Наконец присаживаемся отдышаться.
Расплывшиеся фиолетовые печати на полосатых ляжках наводятся резкостью памяти на случай.
По этому случаю я оказался на офицерских сборах, проходивших на территории части ракетных войск стратегического назначения в лесной секретной глухомани. Во время самоволки на реку меня пытался подстрелить часовой, за что я получил «губу», трудодни которой тянутся на кухне. И вот повар требует подтащить со склада коровью тушу. Вдвоем мы долго и сложно ворочаем через сосновый бор буренку. Наконец присаживаемся на корточки на перекур. Прикладываем к теплой, нагретой солнцем земле озябшие до ломоты руки. Над протяженной тушей, облепленной хвоей, веточками, отрядами муравьев, тут же появляются слоновые изумрудные мухи. Они гулко летают над мясным ландшафтом, будто светлячки на кончиках капельмейстерских палочек, шомполами выбивающих из глухого оркестра марш. Вверху чирикают птицы, полосы солнечного света текут между розовых сосновых стволов. Я докуриваю и, поднимаясь, различаю цифры и буквы чернильной печати, поставленной у крестца: «1941 г., Моск. воен. окр.».

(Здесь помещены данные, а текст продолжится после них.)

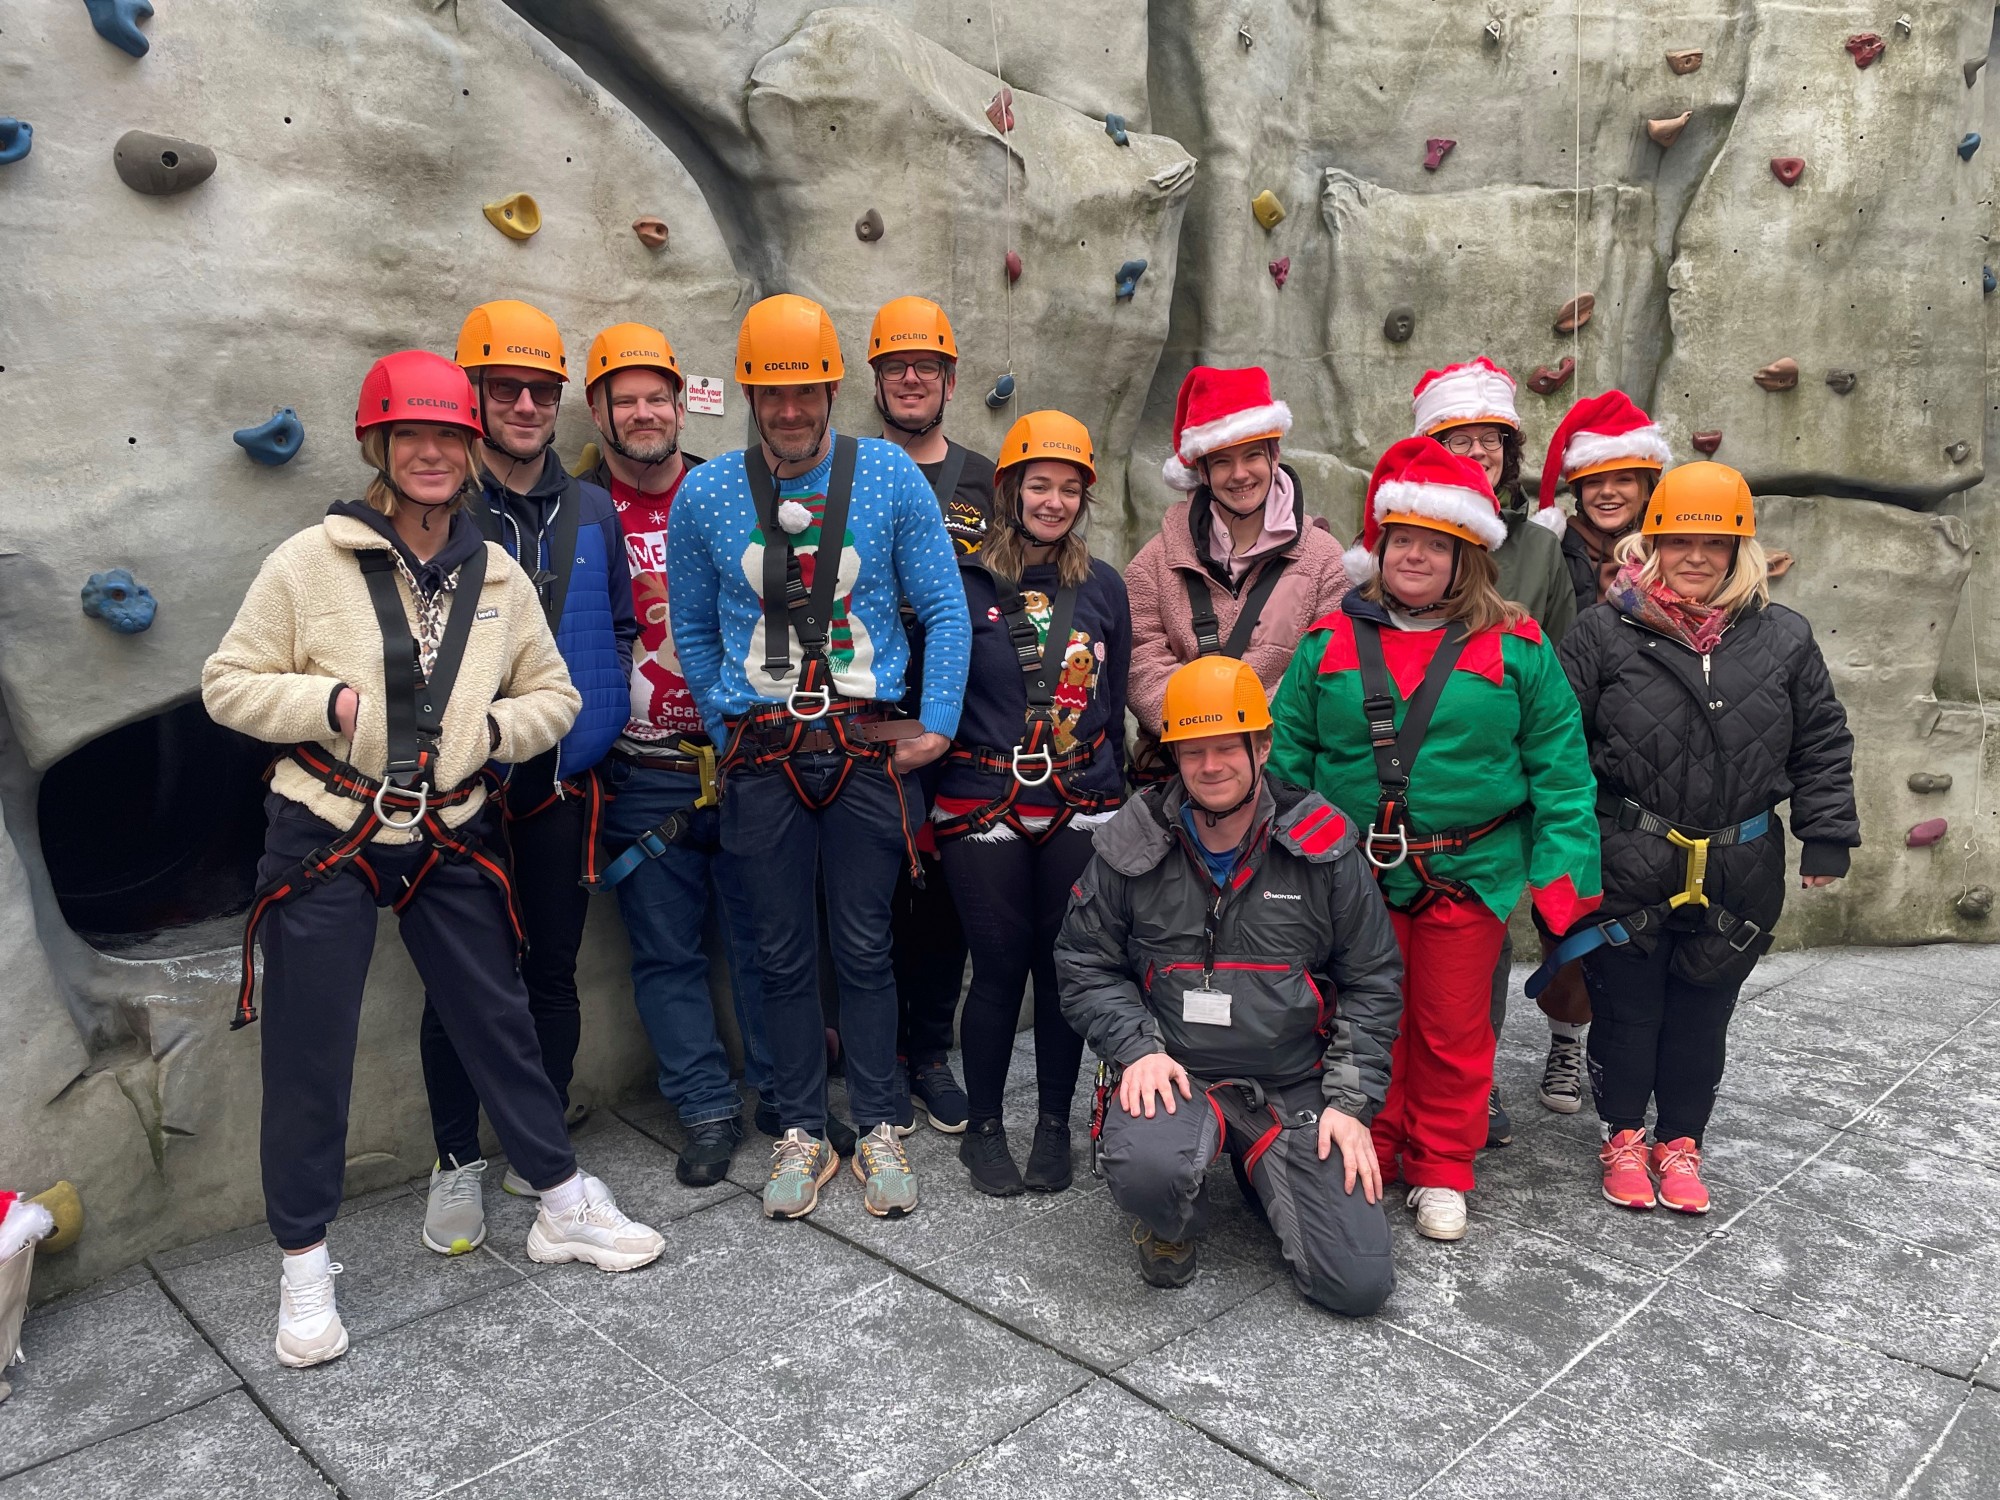 Group photo of people abseiling
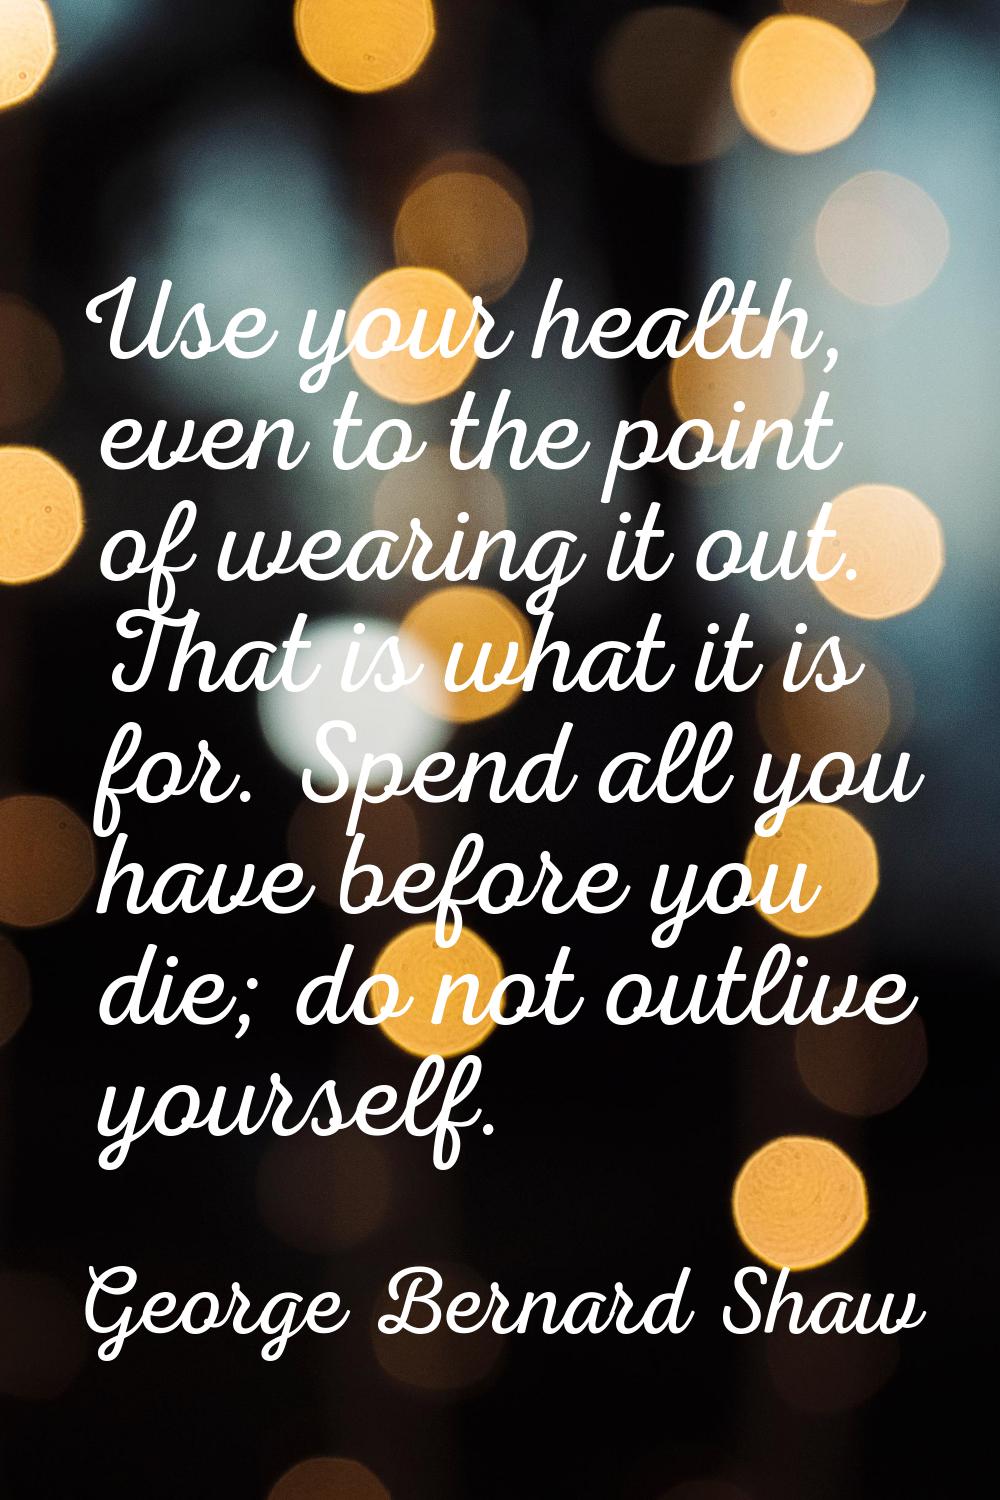 Use your health, even to the point of wearing it out. That is what it is for. Spend all you have be

Привыкнуть к этому было невозможно. Единственное, что помогало унять дрожь и тошноту — это могучее усилие, которое он прикладывал к душе, чтобы удалить, прогнать ее от скверны страха, пронизывавшего тело. Вот и сейчас, пока пышащий луком и водкой краснорожий майор шарил и лапал его на первом пропускном, у Боровицких, он переправлял нутром все эти толчки и жамки — по ребрам, ляжкам, по бокам, по ягодицам — куда-то вверх, с тем чтобы намеренно опротиветь душе, помочь ей отпрянуть, брезгливо взмыть и отстраниться — как недотрога прочь от мужлана…
К представшему пер. зам. наркома Сталин обратился вполголоса: «Товарищ Байбаков, Гитлер рвется на юг. Он объявил, что если не завладеет нефтью Кавказа, он проиграет войну. Ваша задача — сокрыть нефть. Имейте в виду, если вы оставите хоть тонну нефти врагам, мы вас расстреляем. Однако если вы уничтожите промыслы, но фашист не придет, а мы останемся без горючего, мы вас тоже расстреляем».
Стол-поганка у ларька на Моховой заляпан тающими сугробами пивной пены. После приема сталинской нормы — стопятки и кружки «Трехгорного» Байбаков, без году молодой нефтяной нарком, смотрит в весеннее яркое небо, в котором грузно висят заградительные аэростаты.
Возвращающаяся душа спускается быстро. Обрадовавшись, он вдруг пугается ее скорости, понимая, что сейчас произойдет. Душа, болидом войдя в пике, верзится, угрожает его прибить. Нарком малодушно отскакивает от столика, дергается, но вдруг каменеет, запрокидывает голову, решительно подставляет грудь — и душа, совместившись, слившись с тугим могучим потоком железа и бетона, ревмя сокрушая скважинную пустоту, гвоздит, запечатывает одна за другой километровые буронабивные колонны Майкопского месторождения.
За шесть месяцев оккупации Северного Кавказа ни одной железобетонной пробки Байбакова немцы вскрыть не сумели.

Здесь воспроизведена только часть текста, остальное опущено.